# Mondo grass



## Kalari32 (Jan 10, 2013)

Will mondo grass survive in low light conditions?


----------



## LittleBettaFish (Oct 2, 2010)

Mondo grass is not a true aquatic plant. It will eventually die if you keep it underwater.


----------



## Canis (Apr 15, 2013)

LittleBettaFish said:


> Mondo grass is not a true aquatic plant. It will eventually die if you keep it underwater.

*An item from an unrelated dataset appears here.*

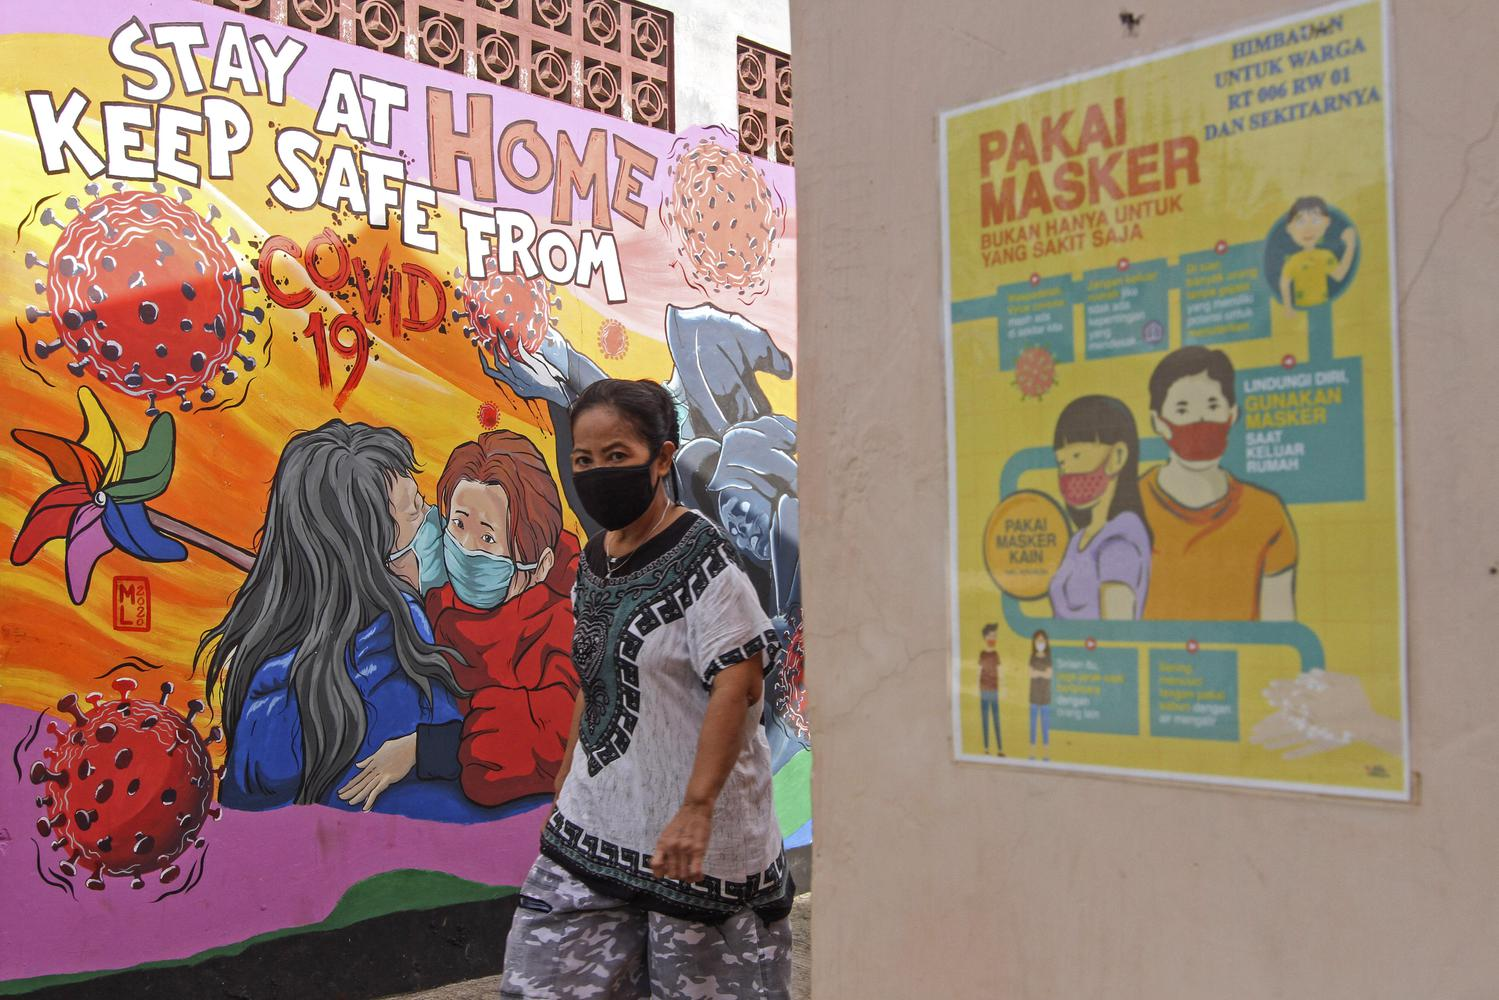 Seorang warga melintas di depan mural tentang COVID-19 di Pangkalan Jati Baru, Depok, Jawa Barat, Selasa (26/5/2020). Pembatasan Sosial Berskala Besar (PSBB) wilayah Kota dan Kabupaten Bogor, Depok, Kota dan Kabupaten Bekasi (Bodebek) untuk sementara diperpanjang hingga Jumat (29/5/2020) menyelaraskan diri dengan periode PSBB Jawa Barat.

It will? Shoot. Petsmart just sold me some yesterday without saying anything about it x.x


----------



## lilnaugrim (Mar 27, 2013)

Canis said:


> It will? Shoot. Petsmart just sold me some yesterday without saying anything about it x.x


It's often sold as an aquatic plant, they do that just to get money :/


----------



## Canis (Apr 15, 2013)

lilnaugrim said:


> It's often sold as an aquatic plant, they do that just to get money :/


Do you know if Petsmart takes plants back? I definitely don't want anything rotting in my tank. That's a bit disappointing too, it was a really cute plant.


----------



## shellieca (Jul 12, 2012)

I have some in my 46g tank & its actually doing well at the moment. I've had it for probably 6 months or so. The biggest problem I've had with it is the snails munching on it & I had a spell of black beard algae. I bought it & then looked it up online, decided to keep it, glad I did. How long it'll last well I'll see.


----------



## LittleBettaFish (Oct 2, 2010)

It can survive for some time underwater but it does eventually die off being non-aquatic. A lot of terrestrial plants sold for aquarium use are marginal/bog plants and so can spend some time submerged before dying.


----------